Nesta vida morrer não é difícil, o difícil é a vida e o seu ofício.”
Maiakowski
O Santo e a Vedete, um filme para ser visto ouvido cheirado e comido. Feito com paixão e consciência no fim dos anos setenta do século passado. Biscoito fino para as massas que a burritzia nacional, como sempre, se encarregou de escamotear. É tempo e agora necessário que este autoretrato sócio político suavemente caricato, realista quando visto junto à realidade hoje, venha à tona. De quem devemos exigir isto? De nós mesmos é a resposta. Somos homens ou ratos. É esta a pergunta. Em meio aos sem nada, ainda somos sem tela, continuando a aceitar. O brucutu de ouro. As seqüências se sucedem inventando a invenção da sofisticação formal. Humor rigorosíssimo, a prova dos nove. Os atores gesticulam e se expressam como de verdade as personagens o estariam fazendo. Um jogo de espelhos da realidade verdadeira além do visível. A realidade do pensamento. A câmera filma o pensamento das personagens com concisão e maestria. E ouve os diálogos afiadíssimos e bem afinados sem nenhum ardil. Saindo da boca certa na hora certa. Caimento perfeito dos papéis nos tipos. Chique-Choque. Diz a mulher nua na banheira de espumas: eu sou o controle da imaginação. Dezenas de barrigudos se exercitam ao nascer do sol nas praias do Rio às vésperas da festa do carnaval. Uma constelação de amantes do ofício nos trópicos se apresentam: Luthero Luís, Nelson Dantas, Thelma Reston, Renato Coutinho, Jards Macalé, Adriana de Figueiredo, Pedro de Moraes, Wilson Grey, Marta Luz, Rosemberg, Mara Aché e assim vai. Elejo, por unanimidade de todos os meus sentidos, o plano Panda do Carlos Reichembach e do Jairo Ferreira, o plano em que as duas mulheres nuas e lindas na cama, brincam e se fotografam sem câmera. Seguido de perto pelo em que a mulher com a perna engessada e vestido vermelho troca de calcinhas; e ainda pelo do carro, de onde o palhaço recebe o pagamento de um saboroso boquete. Cenário e figurino. Doutor Chupadinho.
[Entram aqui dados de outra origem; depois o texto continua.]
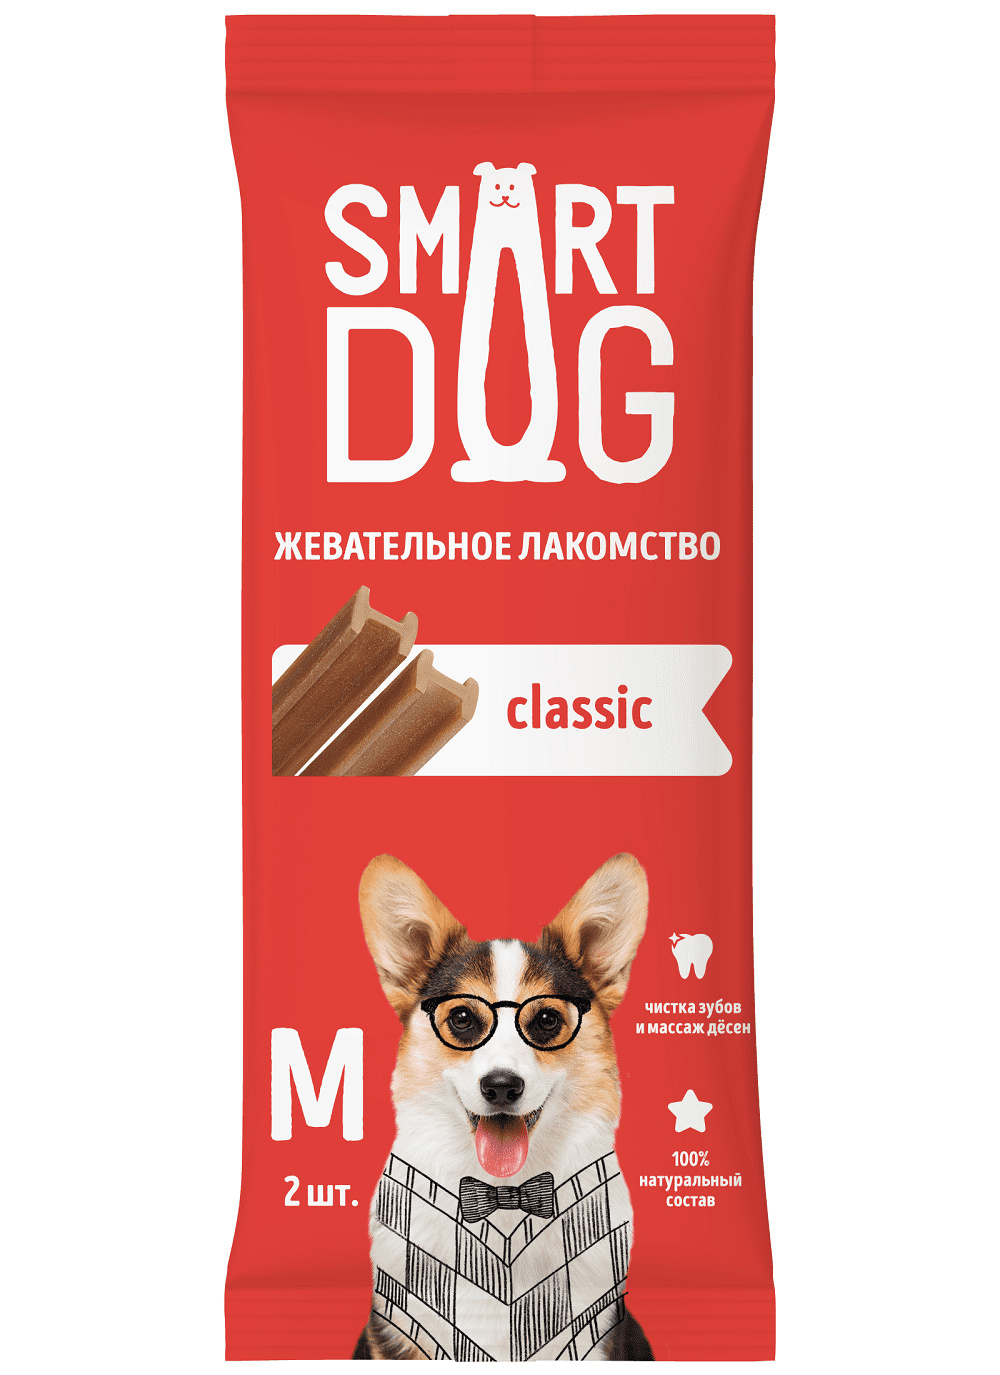 Smart Dog лакомства Smart Dog лакомства жевательное лакомство с витаминами и минералами для собак и щенков (M)

“O melhor conto do livro era a estória do garotinho que não deixava ninguém ver
o seu peixe dourado, só porque o tinha comprado com seu próprio dinheiro.
Achei o máximo. Agora D.B. está em hollywood se prostituindo.
Se há coisa que eu odeie, é cinema.”
J.D.Salinger

Gosto de observar o caminhar das meninas cariocas. Coisas e loisas me atacam. Já estou bem crescidinho. Aprendi a escapar mesmo sem ser ileso. Domingo de praia no Rio, a alma canta com produção da bela endorfina. No final da praia do Leblon um achado: Bill Evans e seu piano mesmo ali presentes. Eu não sou de reclamar. Ninguém me fotografou, tinha o dom da invisibilidade. No fim de tarde, pela primeira vez a visita para uma sessão do filme Djalioh do Ricardo Miranda na casa dos Moreira Salles no alto da Gávea. Senão vejamos: segundo o Ricardo o meu filme é uma adaptação do meu desejo. O que seria a infância naquele espaço amplo e esmagador? Existiria mundo lá fora? Em qual porão daquela plataforma a extraordinária personagem do Santiago se materializava expressão?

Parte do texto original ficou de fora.